China has increased its military presence in the South China Sea in order to stake its sovereignty claims over disputed islands in the area, such as the Spratlys, where Beijing has constructed artificial islands equipped with naval and air bases.
India, a main partner with Japan in the AAGC, has openly expressed reservations about China’s OBOR. According to an April report by India’s English-language daily The Statesman, India boycotted an OBOR Summit convened by China in May 2017. India protested that China’s flagship OBOR project in Pakistan, the China-Pakistan Economic Corridor (CPEC), runs through disputed territory in the Kashmir region.
In July, Pakistan asked the International Monetary Fund for a bailout after the country’s external debt soared to a record $91.8 billion, $19 billion of which is owed to China. Projects in the CPEC, meanwhile, is estimated to cost $62 billion.
The chief differences between OBOR and AAGC are outlined in the book “China-India-Japan in the Indo-Pacific,” published in July and written by two researchers at the East Asia Center of India’s Institute for Defense Studies and Analysis.
“The AAGC transcends the scope and scale of the [OBOR] in terms of its universal approach of addressing human resource development in Asia and Africa,” the book stated, adding that while AAGC values training local talent to contribute to local economies, OBOR prioritizes Beijing’s national interests—such as gaining mining rights to precious minerals or using its investments to pressure countries into siding with the Chinese regime on diplomatic issues.
Before Abe made his remarks at the U.N., there were already signs that China’s OBOR would face opposition, as Japan, Australia, and the United States have sought closer cooperation in the Indo-Pacific to counter Beijing’s aggression.
The three countries inked a trilateral pact to invest in infrastructure projects in the region in July, according to The Japan Times.
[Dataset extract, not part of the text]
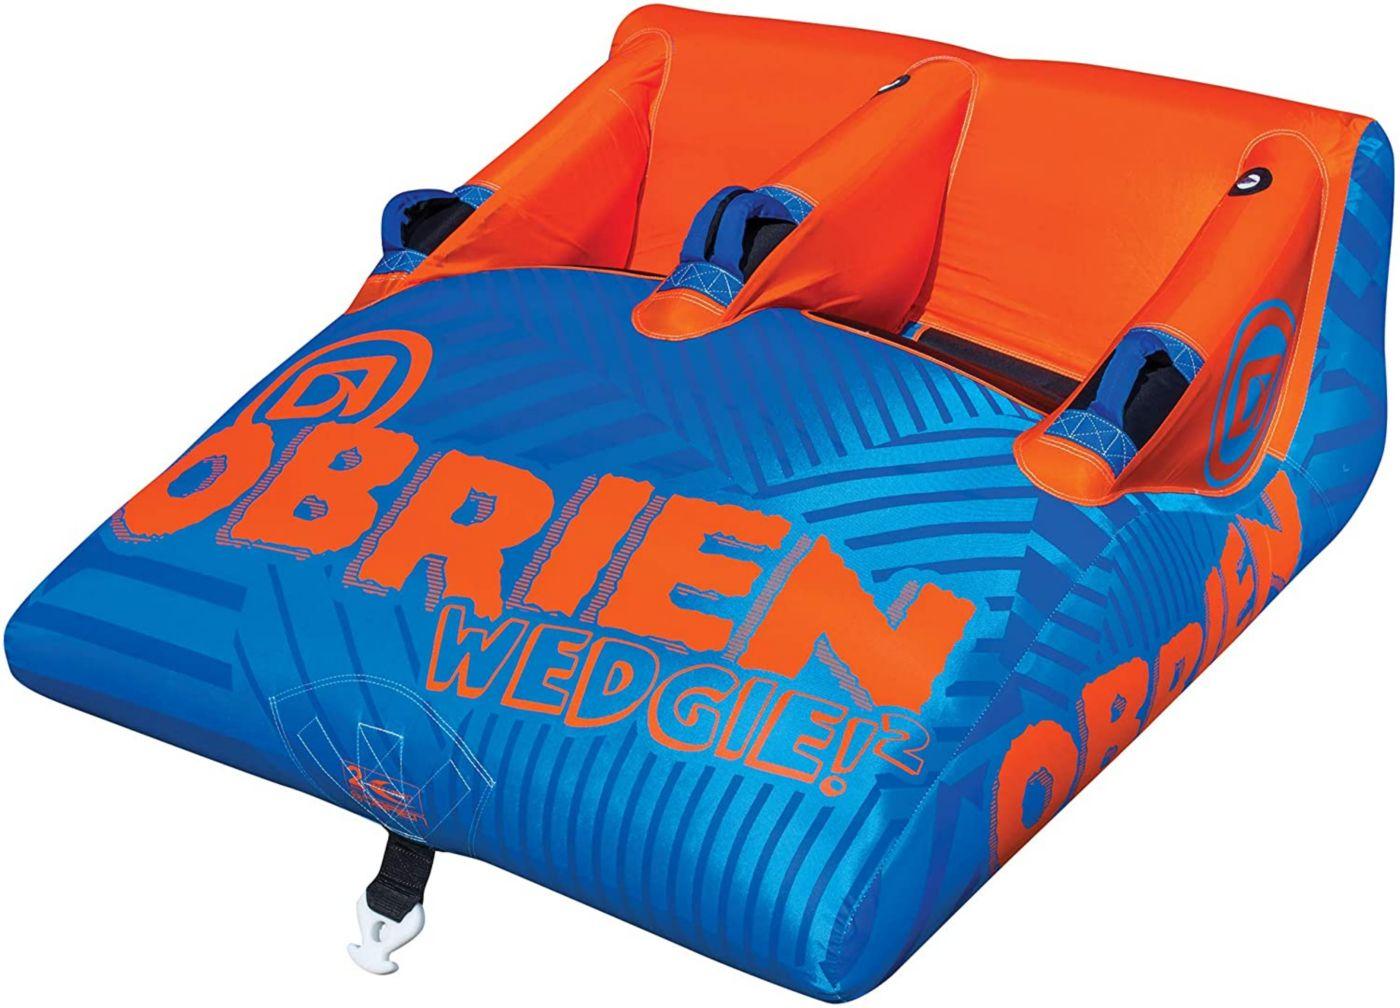 O'Brien Wedgie 2 Towable Boat Tube

The partnership will focus on the energy, transportation, tourism, and technology infrastructure sectors.
Also in July, U.S. Secretary of State Mike Pompeo announced a $113 million investment to fund new technology, energy, and infrastructure projects in the region. The investment is part of President Donald Trump’s Indo-Pacific strategy.
Meanwhile, the Institute for Defense Studies and Analysis argued in a September paper that Taiwan, a key U.S. ally, should be made a critical part of the AAGC.
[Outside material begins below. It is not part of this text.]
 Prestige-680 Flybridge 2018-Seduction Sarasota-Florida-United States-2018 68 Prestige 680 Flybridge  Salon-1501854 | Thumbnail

The paper pointed to Taiwan’s location—at the confluence of the South China Sea and East Asia—which makes the island country a strategic point for international shipping lanes in the region. Additionally, Taiwan is a full-fledged democracy, in line with the free and open values promulgated by AAGC.
Japan also is set to increase cooperation with the Mekong countries—Cambodia, Burma, Thailand, and Vietnam—as the five countries are set to sign a new cooperation strategy next month at the 10th Mekong-Japan Summit in Tokyo, according to a Sept. 29 article by Japanese newspaper Mainichi Shimbun. Japan has plans to develop infrastructure projects in the Mekong region as part of FOIP.